Family and grandchildren events are fairly frequent. In November, we were altogether (on the Beswick side) celebrating Robert's 50th birthday. David delighted in searching out old photos and putting them on a disc to show on a computer at the lunch. Mathieson (2), Robert and Catherine's son, is so like Robert, was at his age. Andrew, just back from a trip to London for Amnesty International, along with Paula and their two children Amelia and Thomas are a busy family with Paula, like Bruce, also working on her PhD. Helen and Mark and two of their sons James and Tim, both now doing university studies, with Alice (14) in High School, were up from Port Fairy, a 5 hour drive from Melbourne. Helen and Mark have just sold the art gallery and coffee shop they bought a couple of years ago. Mark has resumed teaching and is acting principal of a school near Warrnambool, and Helen has another job in social work on health promotion in Aboriginal communities. We were in Tasmania in September for a gathering of the wider (and it is wide) Beswick family for John (David's brother) and Dot's 50 Wedding Anniversary in the gracious main hall of historic Hobart Town Hall; a warm and enjoyable occasion.
Two of Hazel's family are on opposite sides of Australia. Barton and Jo continue to enjoy Perth with their two, Charlton and Sienna. Sara and Barb have now moved back to Canberra working for the Federal Govt. on environmental and sustainability issues. We will miss their home in Brisbane, a warm sub-tropical refuge from the Melbourne winter.
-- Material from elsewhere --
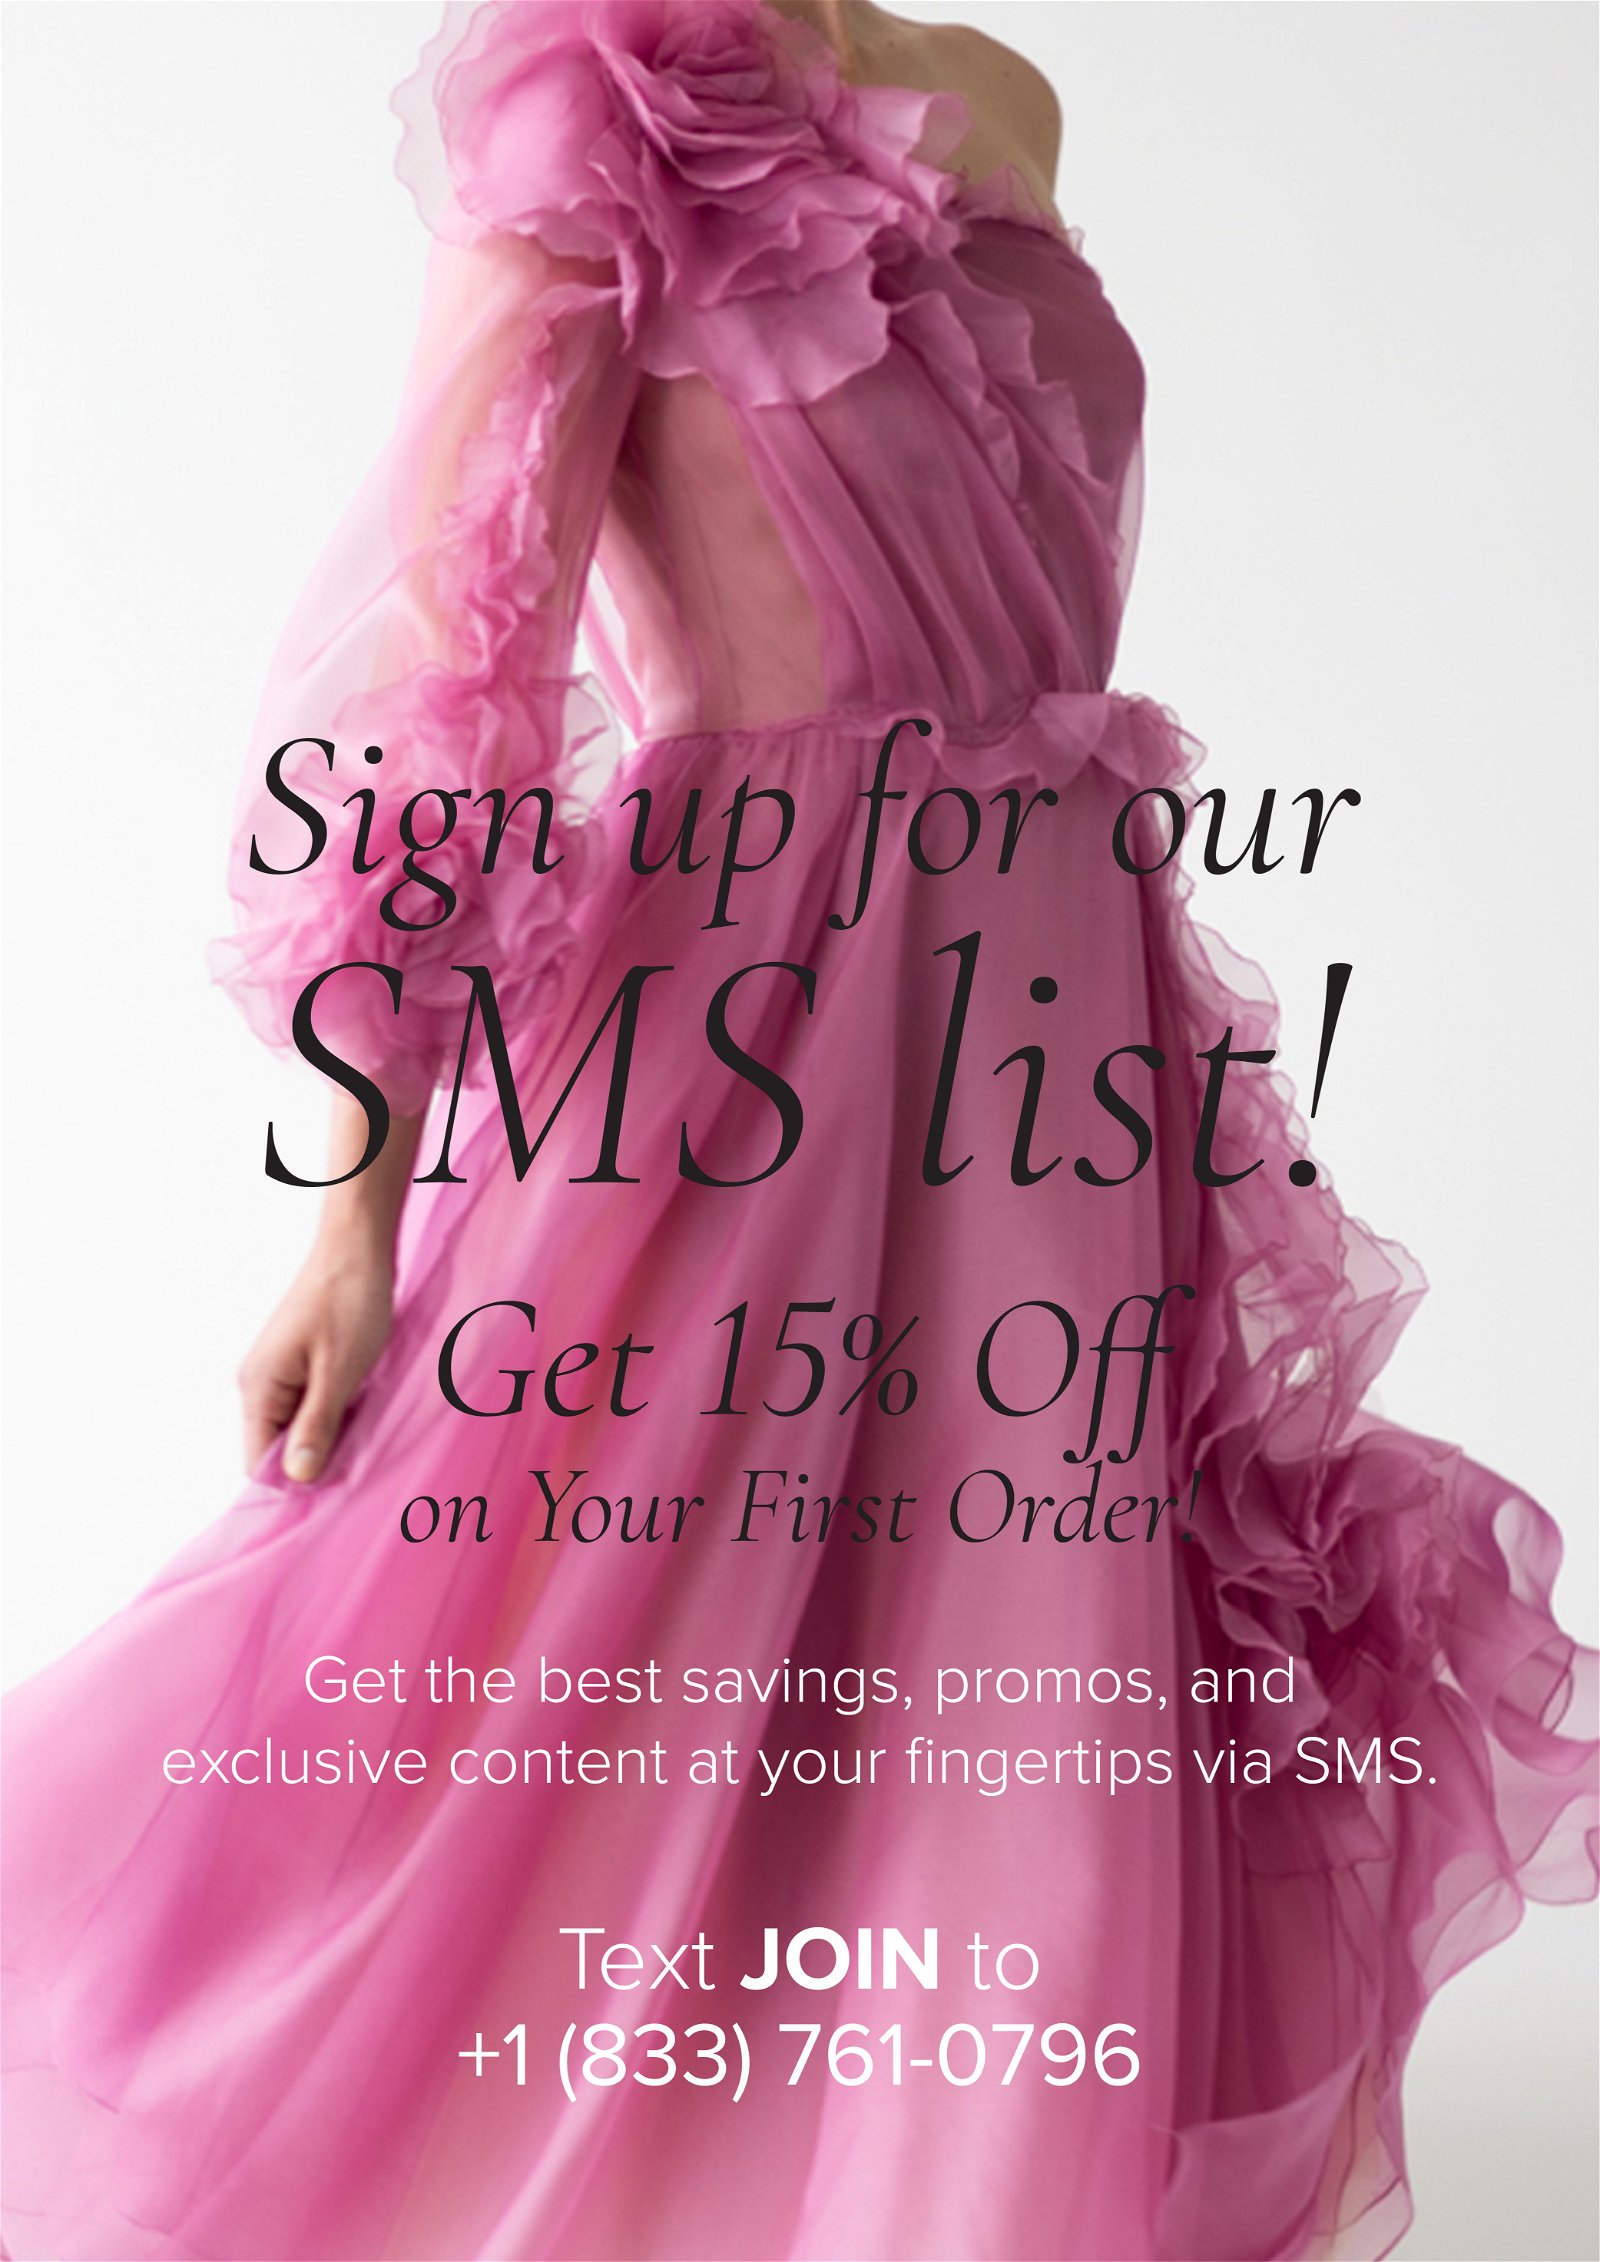 Get 15% off on your first order

Drew and Gabriella in Melbourne have had a 'big' year accompanying Adam through the VCE process completing high school - not so exciting for them as their trip to the USA at the end of last year, when they went and discovered Ron's thesis at Boston Uni., Drew's birthplace in Gardner, Mass. along with Las Vegas, L.A. and N.Y. It has whetted their appetite for more travel. Simon, Anita and family are leaving soon for three months in Europe on study leave.
We two continue with our academic, church and community interests, delighting in our family and our life together now already over seven years, maintaining reasonably good health but with the years showing some signs of wear and tare. We are most thankful for the life we have and for all God's gifts, especially in remembering the birth of Christ at this time, and we pray for fulfillment of our hopes for peace and justice in the world at large.
With love and best wishes: our thoughts go out to you, our family and friends far and wide.